June 25, 2004
Need slide guitar blues mastery with foot stompin' fervor? Got you covered. Need a psychedelic, depressing slow country song about wanting your lover dead? Got you covered. Need a groovin', upbeat rock song about the small things that make up a good life? The Stumpknockers have still got you covered.
Vocalist/guitarist/harmonica player Grayson Capps and a drummer, bassist and lead guitarist showed off their multi-faceted style Friday night at Lounge Lizards. Whatever genres they were bastardizing, there was always a tight groove underneath it. The bassist was smiling and swaying to the beat throughout the set.
The Stumpknockers played covers that were thematically heavy. This came with the country/blues territory. The music was raw. No special effects. Maybe some distortion on a nice lead guitar solo. Capps' enjoyable, earnest vocal delivery was confrontational and confident.
The band reminded me of Cracker at points, especially when the drummer brought out his mallets for the afformentioned depressing song. This was the tortured song—creepy and low-down.
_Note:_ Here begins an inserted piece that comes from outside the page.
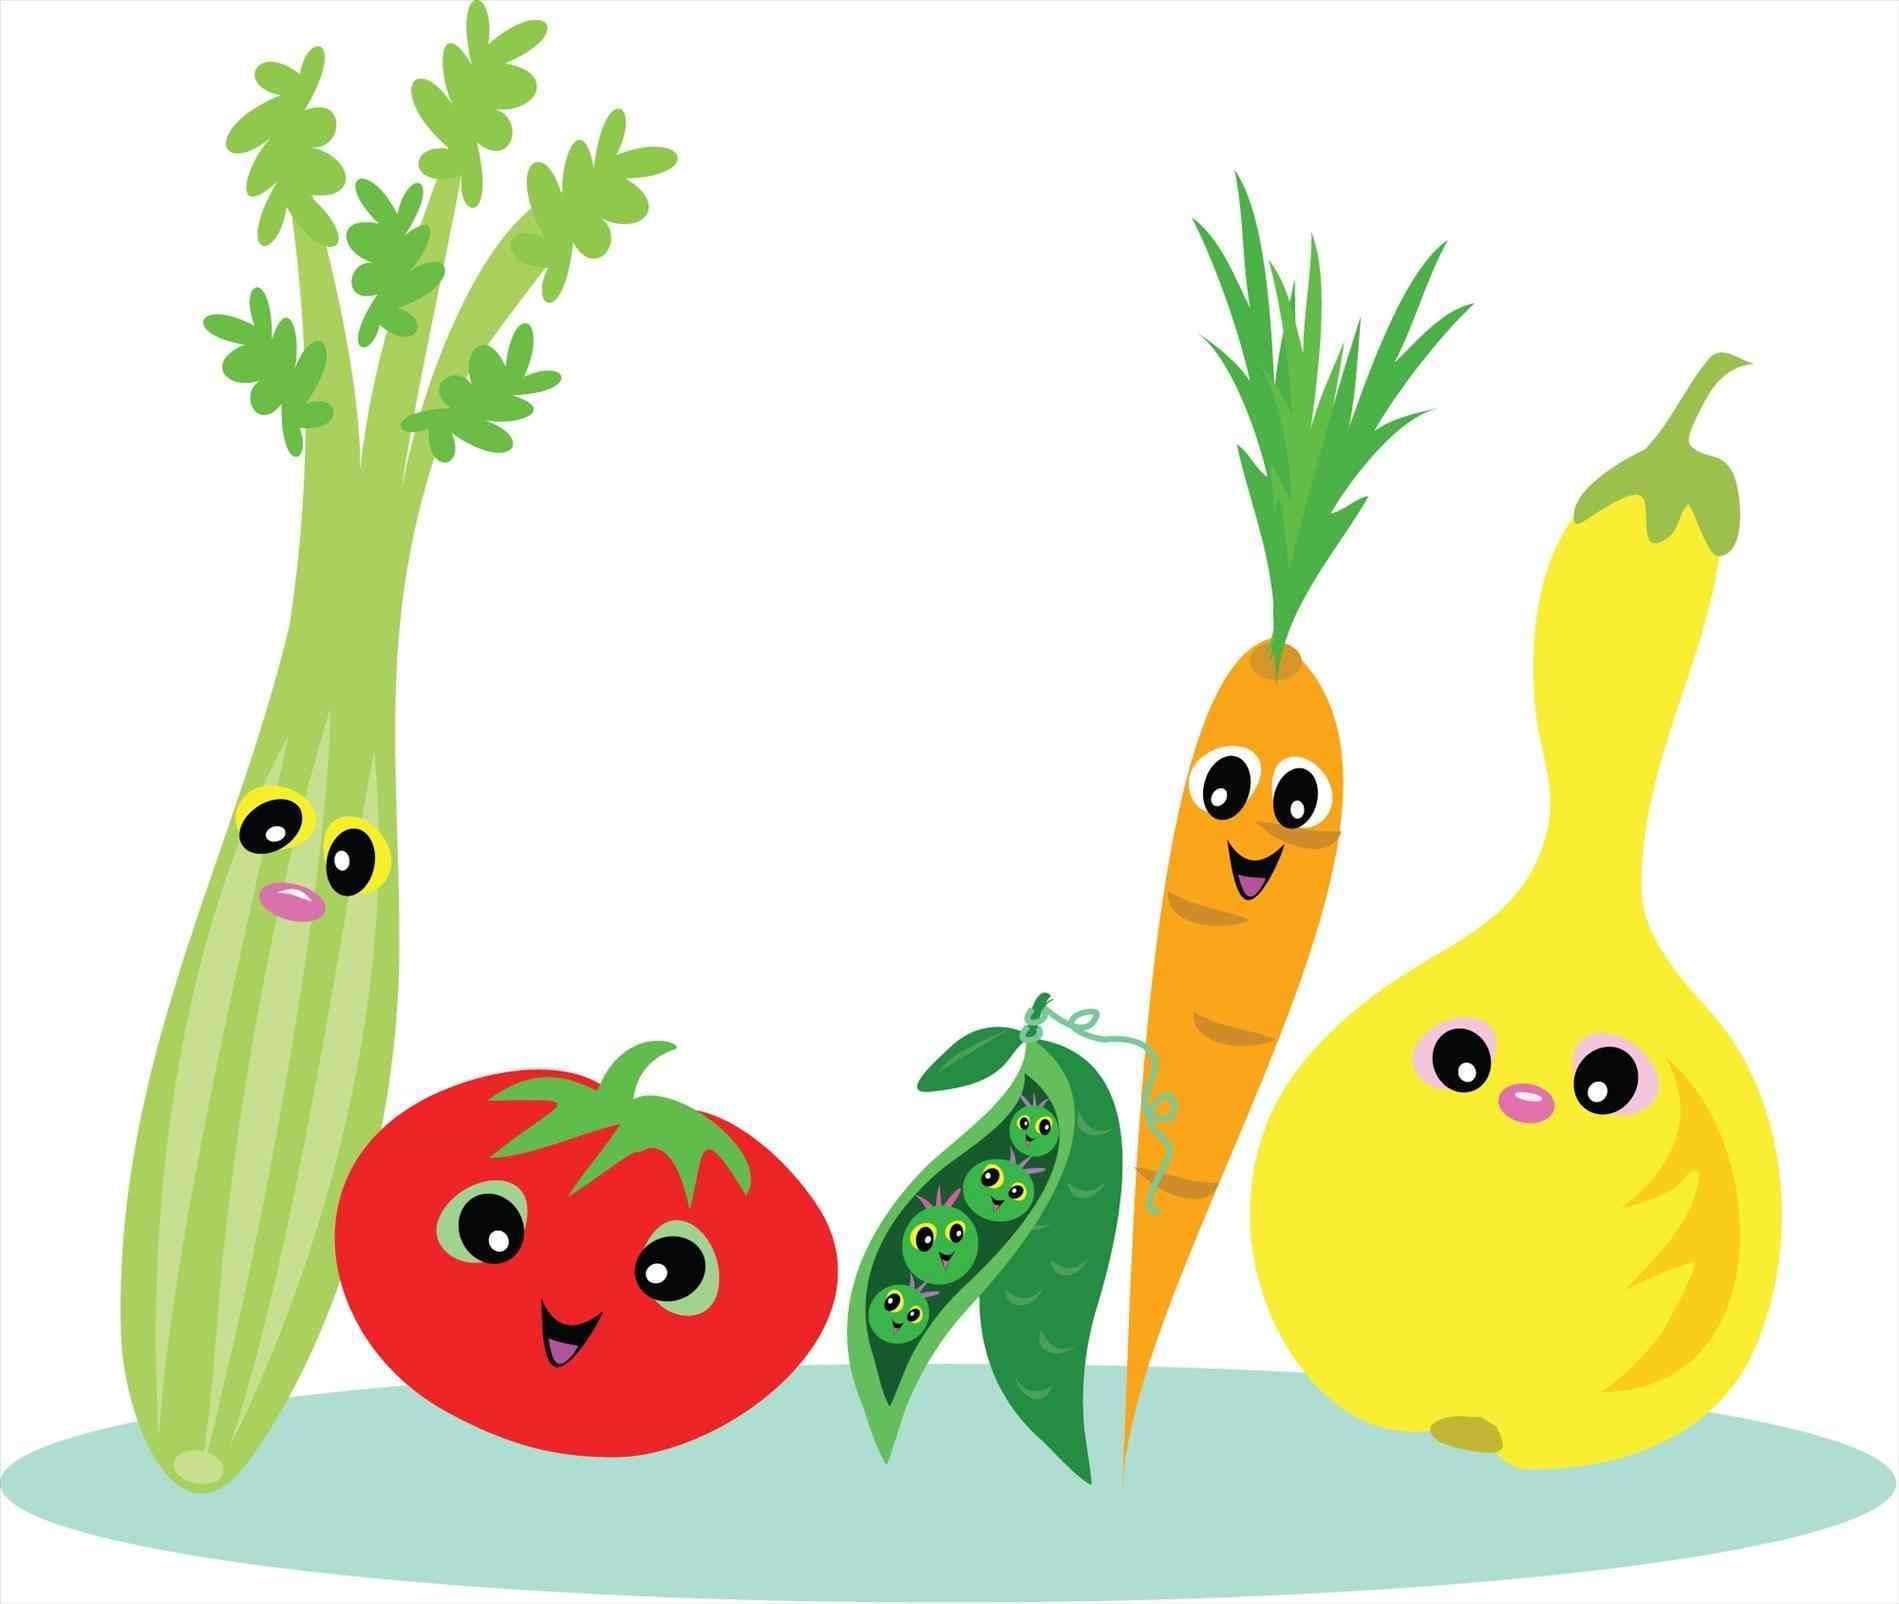 nutrition clipart healthy cooking

After the song ended, an audience member requested a love song to balance out the set. Capps went right into a song that sounded anything but lovey-dovey. Afterwards, he said, "That was kind of a love song." The lead guitarist smiled and said, "Yeah, I love you dead."
The band had a decent audience for a 7 p.m. show, and their tip jug filled as more and more people dropped money. People were probably realizing, as I was, that these guys were talented.
The Stumpknockers were a great roots rock band. I was impressed.